Kronos pretrains on over 12 billion K-line records from 45 global exchanges and uses a specialized tokenizer that quantizes OHLCV candlestick bars into hierarchical discrete tokens. The release ships four model sizes from 4.1M to 499M parameters, is MIT-licensed, and crossed 25K stars on GitHub in the first few months after the paper went public. On TSFM.ai we host the three open variants directly: Kronos-mini at 4.1M, Kronos-small at 24.7M, and Kronos-base at 102.3M.

#Why Finance Needed Its Own TSFM
General-purpose TSFMs — Chronos, Moirai, TimesFM, Time-MoE — pretrain across many domains and frequencies, and they generalize impressively. Financial K-lines push that generalization past where it works well. The statistical signature of candlestick data — heavy tails, volatility clustering, leverage effects, regime switches, and the very specific cross-asset correlation structure of equity, FX, and commodity markets, all of which we wrote about in Financial Time Series: Volatility Modeling and Risk Forecasting with TSFMs — is structurally different from what a model trained on a LOTSA blend of energy, retail, weather, and web traffic gets to see at pretraining time.
There is also a structural mismatch at the input level. An OHLCV bar is not one time series. It is four price readings per timestep tied by the inequality low ≤ open, close ≤ high, plus a volume channel that carries the trade-activity signal. General-purpose TSFMs either flatten this into a single channel (and lose information) or treat it as a generic multivariate input (and lose the OHLC inequality structure). Kronos's first design choice is to model OHLCV natively, in a way that respects what the bars actually are.
#The K-Line Tokenizer: Hierarchical, Binary-Spherical
The Kronos tokenizer is the load-bearing technical idea. The authors frame K-line forecasting as language modeling over a discrete vocabulary — same spirit as Chronos's value tokenization, but specialized to OHLCV — and use a Transformer-based autoencoder with a Binary Spherical Quantization (BSQ) layer and a dual reconstruction objective.
Each K-line ends up as two subtokens. The coarse subtoken (s1) captures broad market state: direction, regime, gross magnitude of the bar. The fine subtoken (s2) captures within-bar detail: wick structure, intra-bar volatility, volume profile. A hierarchical reconstruction loss explicitly forces s1 and s2 to model different levels of information rather than collapsing onto the same one. The decoder transformer is then pretrained to predict next-step subtokens autoregressively, which is the trick that gets the model both price-series forecasting (a sequence of next bars) and volatility forecasting (variance of fine-grained subtokens conditional on coarse context) out of a single objective.

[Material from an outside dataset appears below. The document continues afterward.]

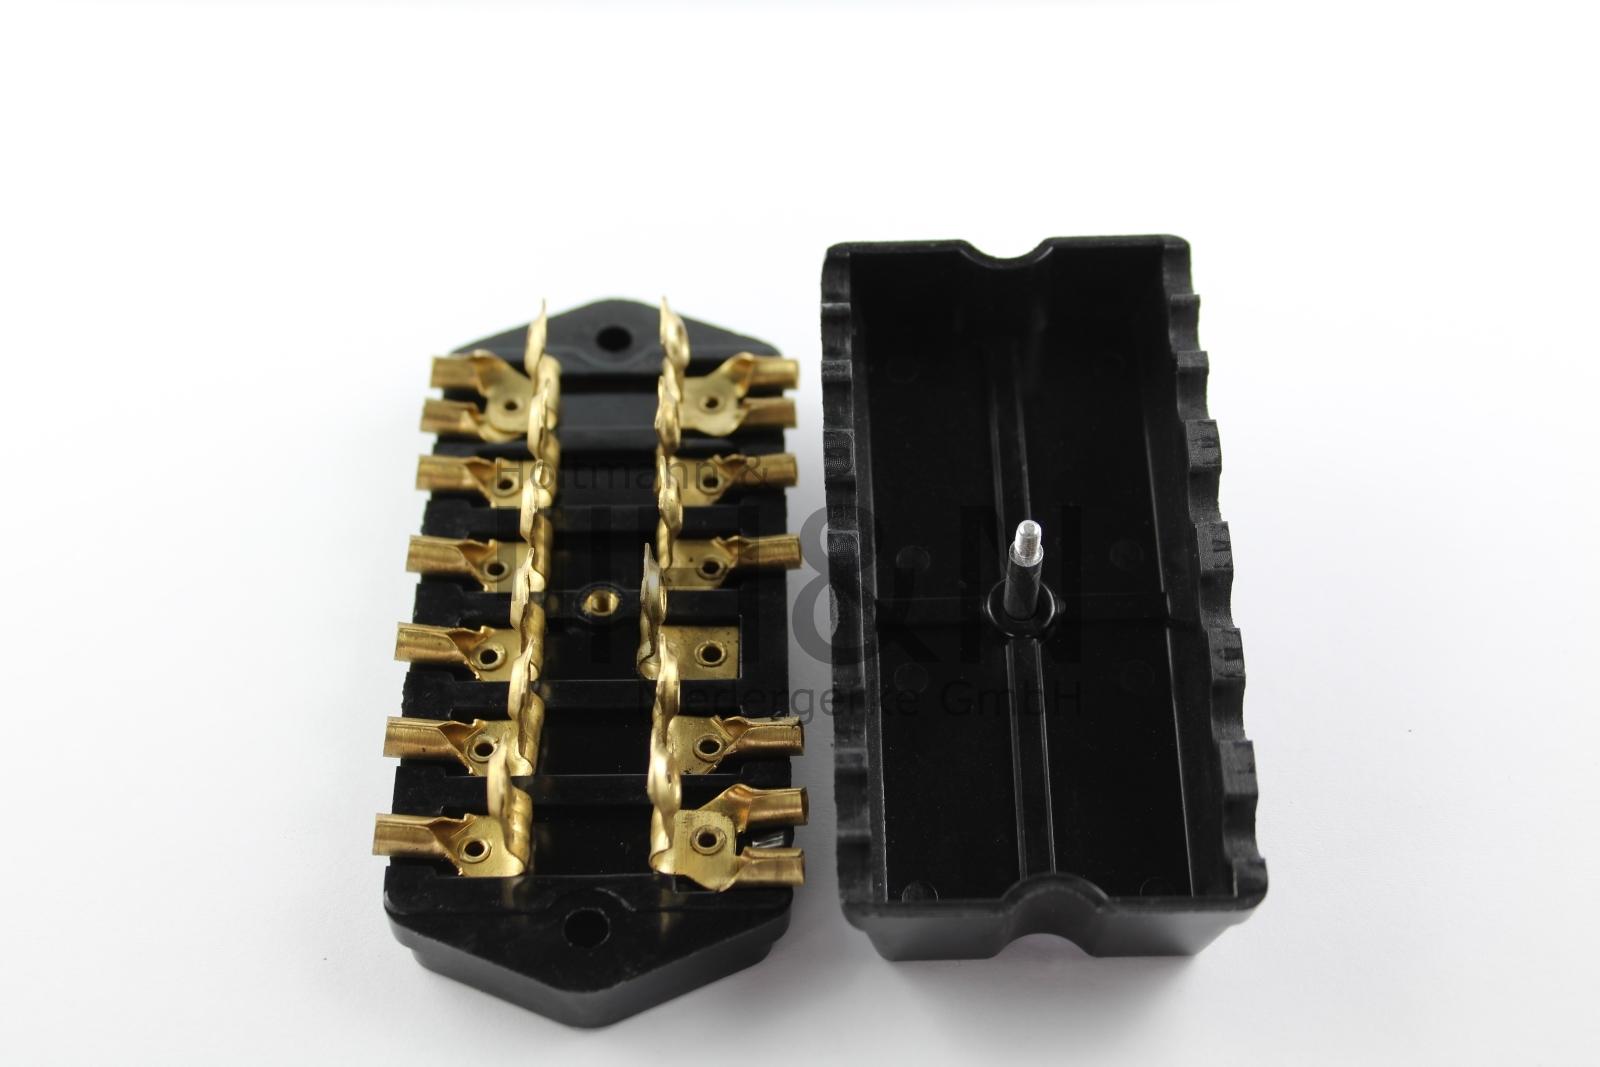 Fuse Box 500d F 1series 600d Multipla 90mm 6 Fuses

Two tokenizer variants ship at launch. Kronos-Tokenizer-base runs 512 bars of context, which is the default for Kronos-small and Kronos-base. Kronos-Tokenizer-2k runs 2048 bars, paired with Kronos-mini for the longest-context use case. The 2K variant is more important than it sounds for intraday work — many strategies look at one to two weeks of 5-minute bars (roughly 1500–3000 bars), and most TSFM context budgets cut off well below that.

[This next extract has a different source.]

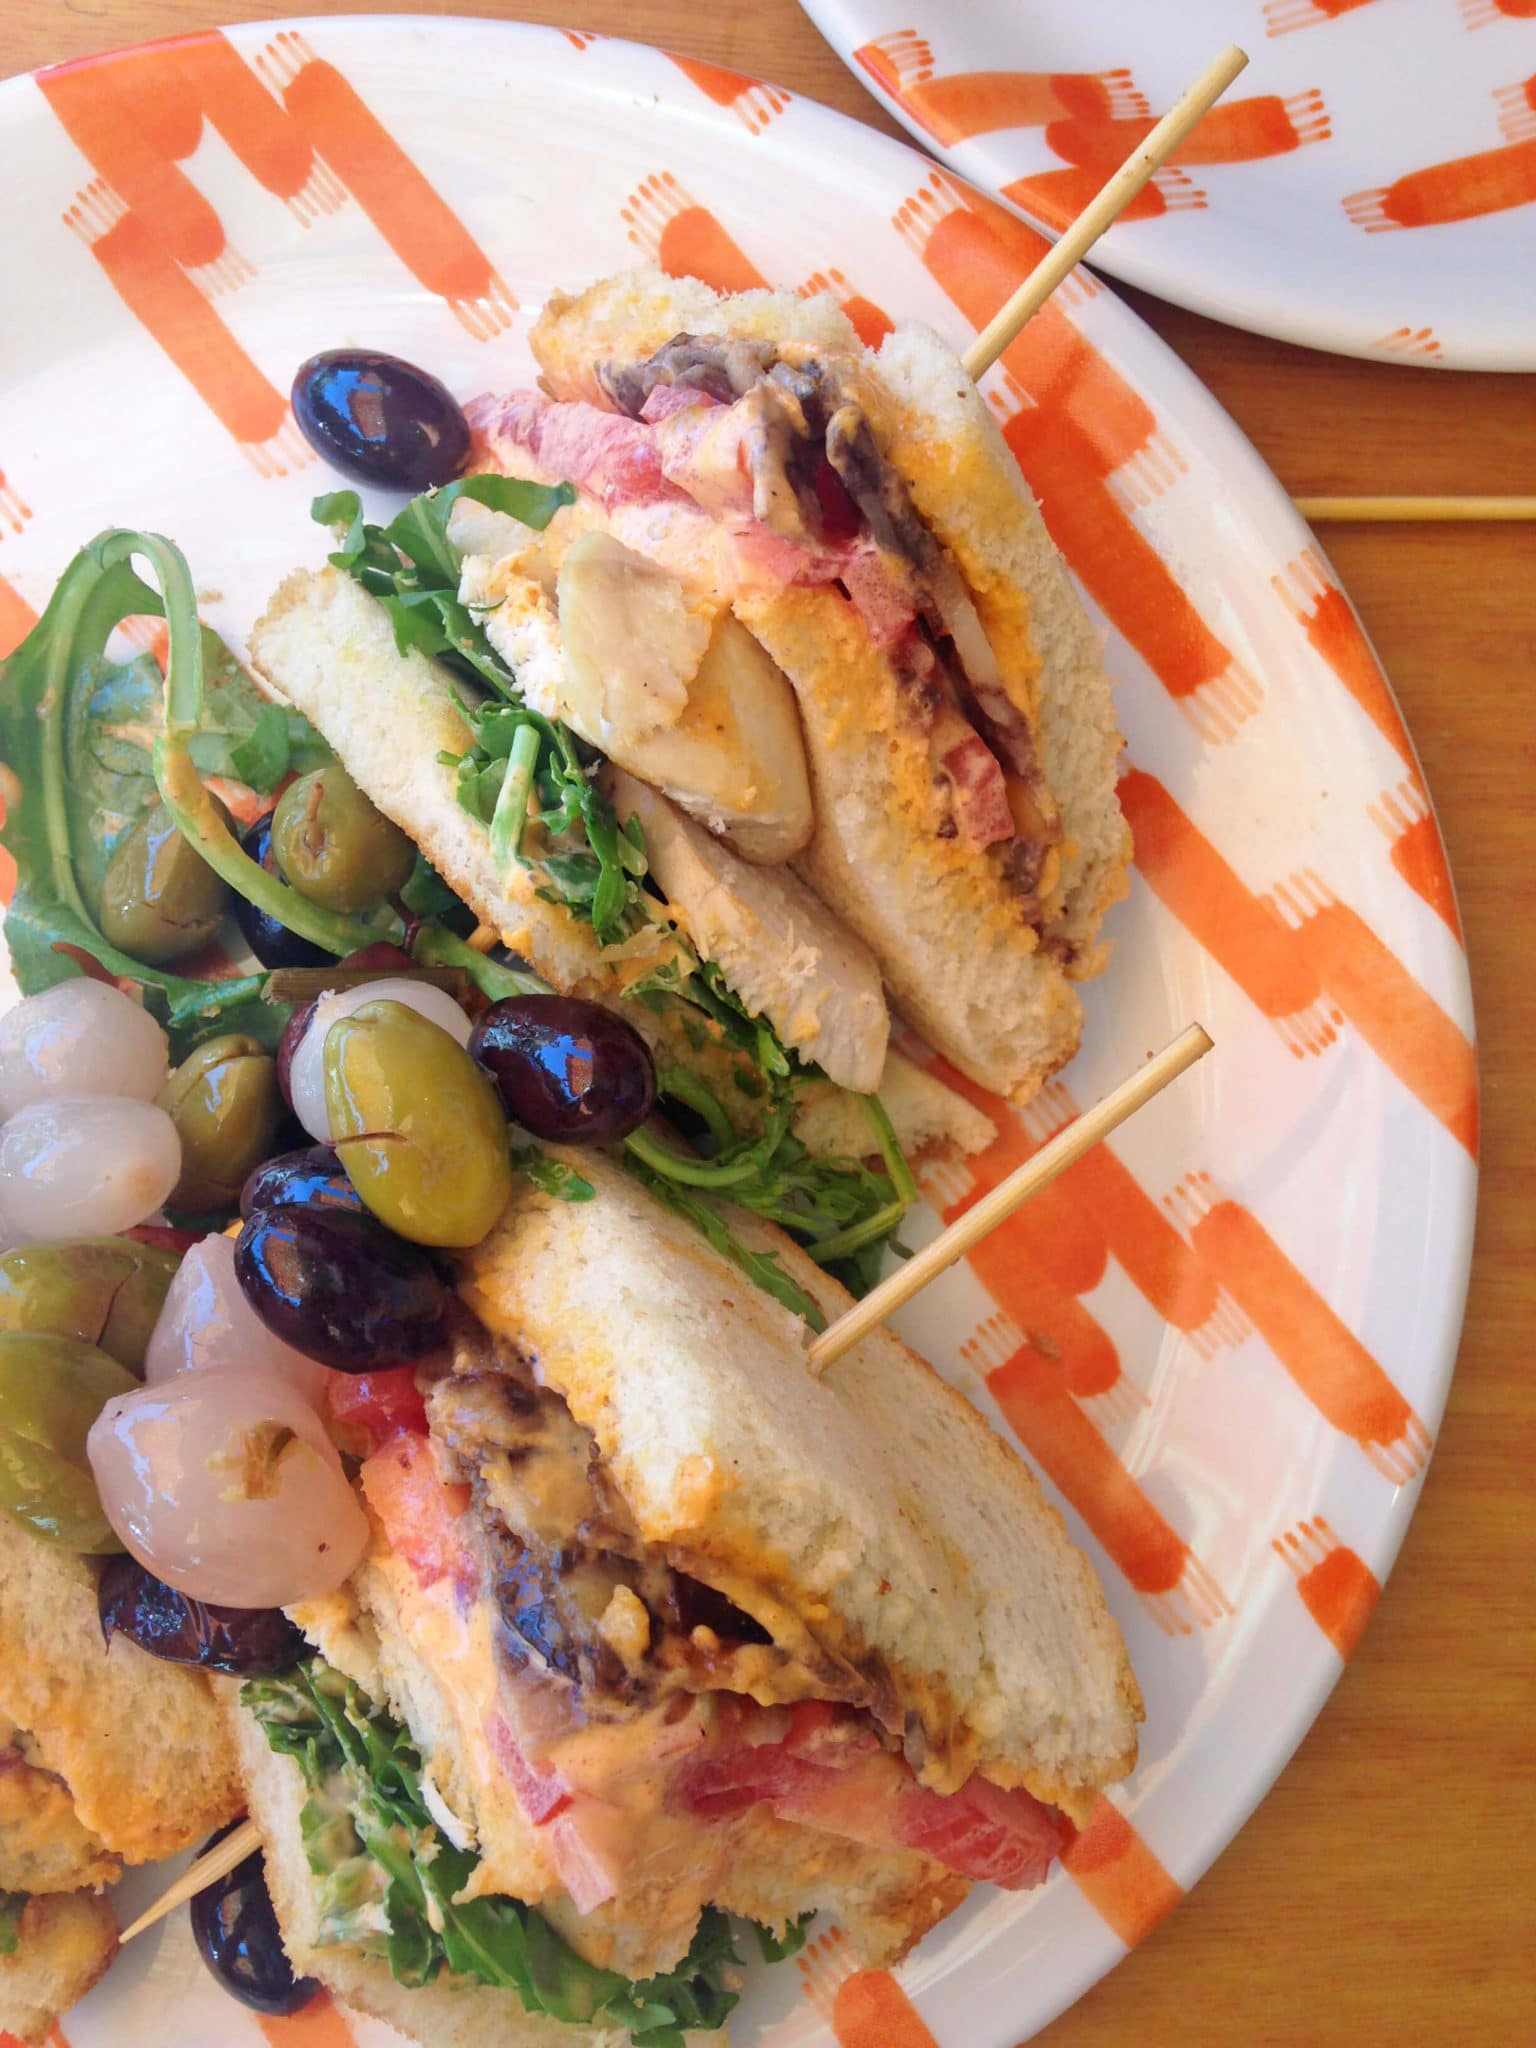 Sandwich at Rebost

This is a different bet than Chronos's scaling-and-quantization-bins approach to value tokenization, and a different bet than Sundial's diffusion-over-continuous-values approach. Hierarchical discrete tokens give up some continuous-value fidelity to get autoregressive language-style generation over long horizons in return. For OHLCV, that trade lines up — bars are already a discrete-ish object, and the generation use cases (synthetic backtest data, Monte Carlo paths) benefit directly from autoregressive sampling.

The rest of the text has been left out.